Creating jobs is clearly always crucial, but in the aftermath of the Coronavirus pandemic, this has been exacerbated. 

In July 2020, Rishi Sunak, Chancellor of the Exchequer, highlighted the importance of the housing market in helping the UK’s economic bounce-back in the wake of COVID-19. Sunak reiterated that housing development is “one of the most important sectors for job creation”, with the construction sector adding £31 billion per year to the UK economy.

It’s easy to see why. After almost 18 months of economic downturns where most sectors faced losses, the continuing growth of the housing market is imperative – to ensure the all-important job creations and economic contributions are maintained. 

 

Helping to build much-needed housing amidst a chronic shortage

The positive economic impacts are not the only ones created when investing into property bonds and in turn supporting small and medium-sized housebuilders. 

The UK is suffering from a much-publicised, ongoing housing crisis – and has been for several decades.
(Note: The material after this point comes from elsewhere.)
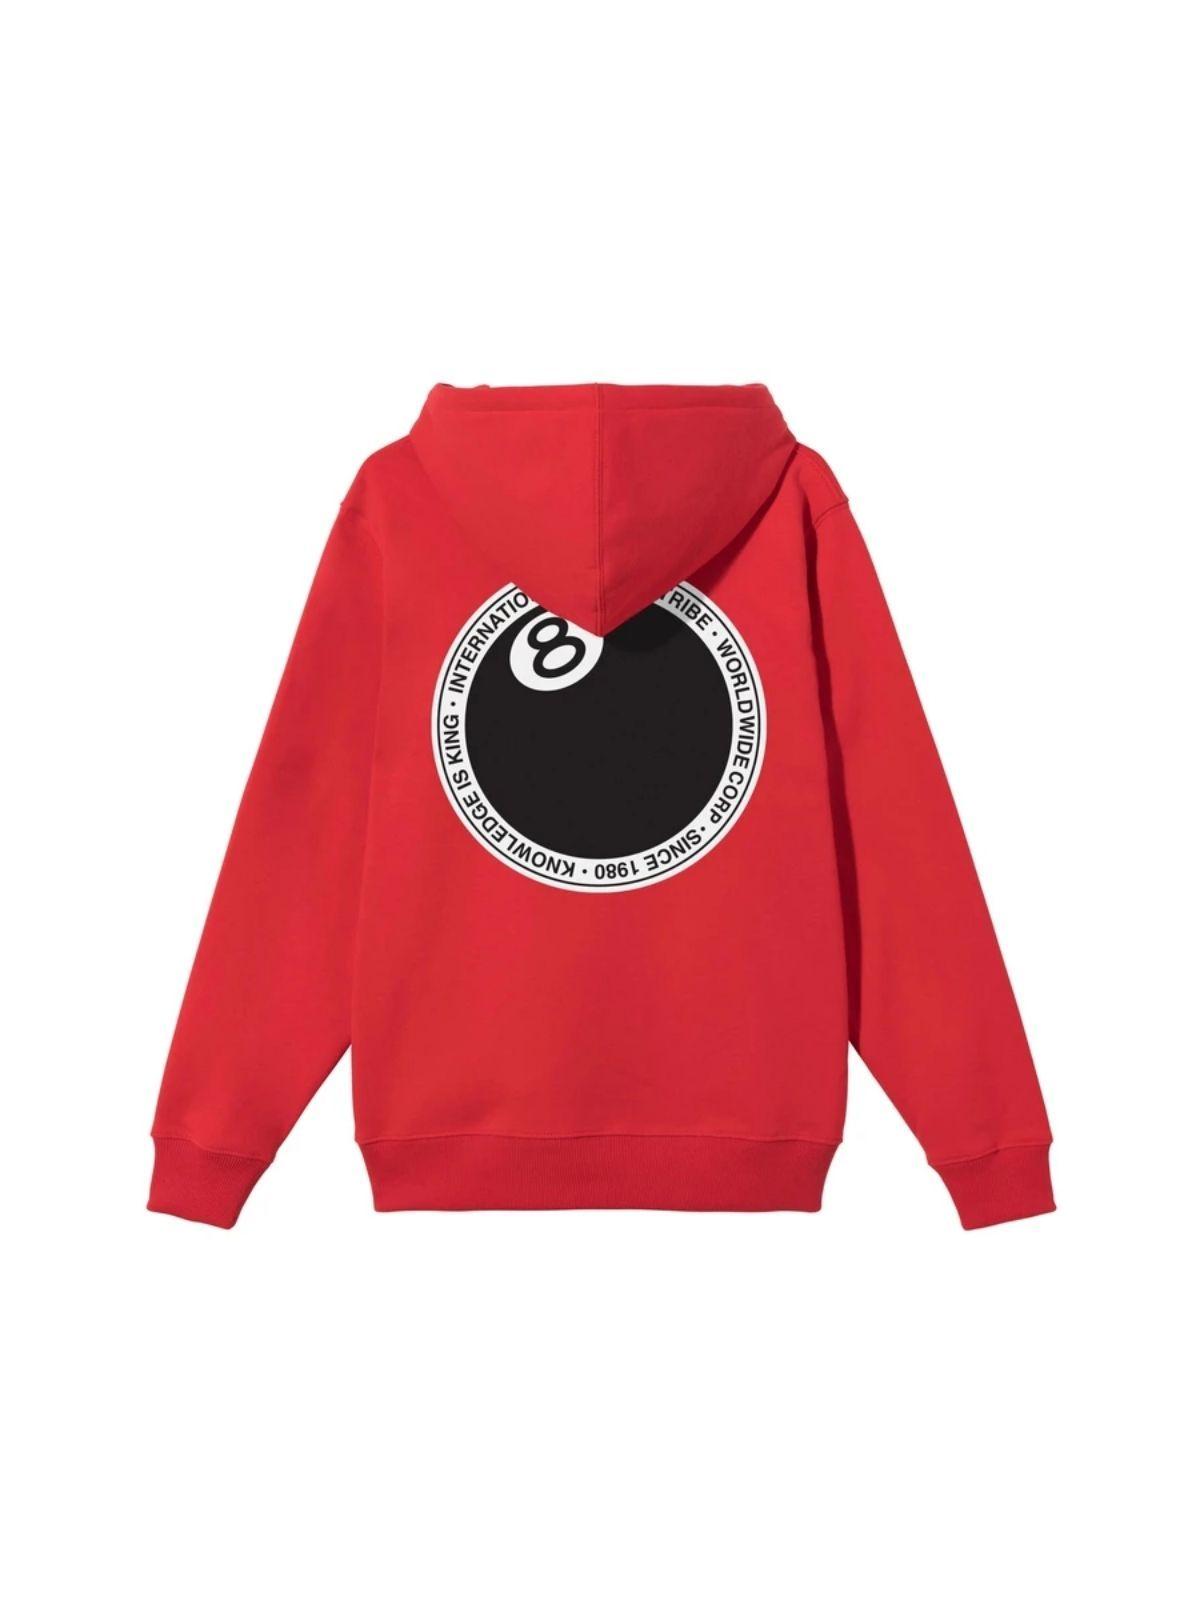 Stussy Cotton 8 Ball Printed Hoodie in Red for Men - Lyst

There are not enough homes to cater for the backlog of existing need for suitable, affordable housing – and that is without considering the recent staggering surge in demand. 

And it’s widely known among experts and the Government alike that in order to tackle this crisis, SME housebuilders must be able to once again establish themselves in a market which they dwindled from in the aftermath of the 2008/09 financial crisis. 
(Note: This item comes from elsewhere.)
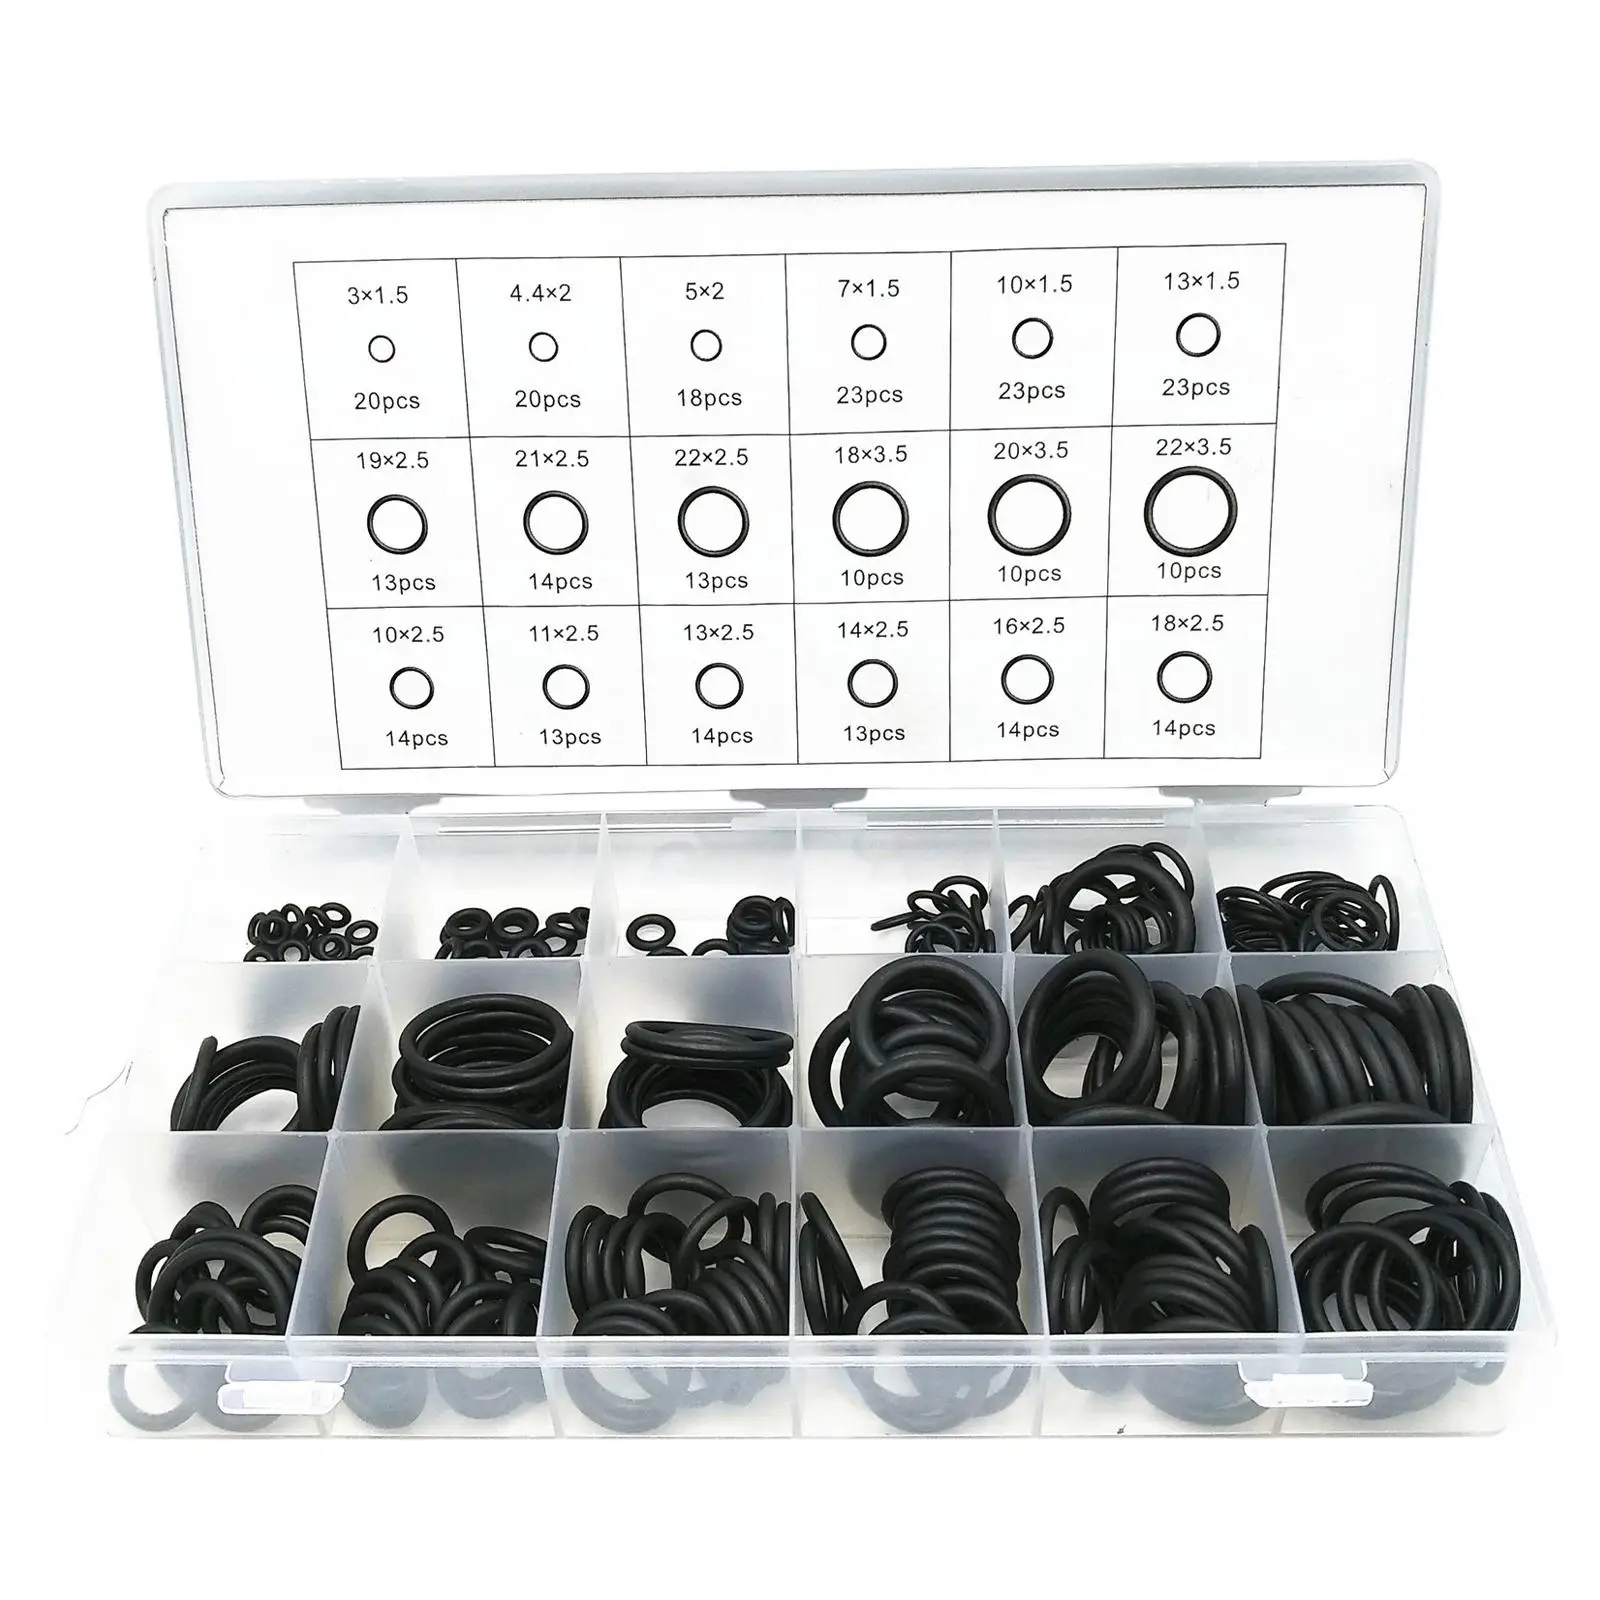 

279x Rubber O 18 Sizes Round Fits for Mechanics Workshop

Once responsible for delivering circa 40% of new homes, that number has dropped closer to 12% in recent years, with the Government stating in The Planning White Paper that there is a need for regional housebuilders who are “looking to build a diverse range of types and tenure of housing, and those using innovative modern methods of construction”.

When investing into property bonds, experienced investors are helping to provide these SME housebuilders with the capital needed to build the right homes in the right places, at the right time. 

Furthermore,regional housebuilders often deliver mixed-tenure developments boasting homes for sale, to rent and initiatives such as rent-to-buy and shared ownership. Such approach can ensure developments cater to a wide variety of buyers, aiding in potentially making housing more affordable and accessible to more people – from growing families looking to move to their next home, through to young professionals looking to get on the property ladder for the first time.

 

Aiding in regenerating communities and making environmental impacts

In addition to supporting the delivery of more homes, investing into property via property bonds can help to ensure the homes are built in a manner that benefits both the environment and the surrounding communities. 

To help protect the UK’s renowned and beautiful countryside, building new homes on brownfield land – land that has previously been developed but is not in current use – is imperative. But often this land does not offer the size and scope that most national housebuilders look for. 

Regional housebuilders on the other hand typically deliver developments that are smaller and more bespoke, meaning they can make greater use of this land, turning it from an unused and often run-down space into an attractive, welcoming housing development which in turn regenerates communities.

 

Investing for impact with property bonds

Supporting local jobs and contributing to the UK’s post-Coronavrius economic bounce-back, helping SME housebuilders tackle the ongoing housing crisis, and aiding in the delivery of homes in a manner that is both environmentally friendly and has the potential to regenerate communities – the core, impact-driven benefits of investing in property bonds are clear. 

Paired with the potential to generate returns of between 4% and 8% and opportunities to invest in a tax-efficient manner through vehicles such as the Innovative Finance ISA (IFISA), it’s unsurprising that the popularity of property bonds as a method of investment into property is on the rise.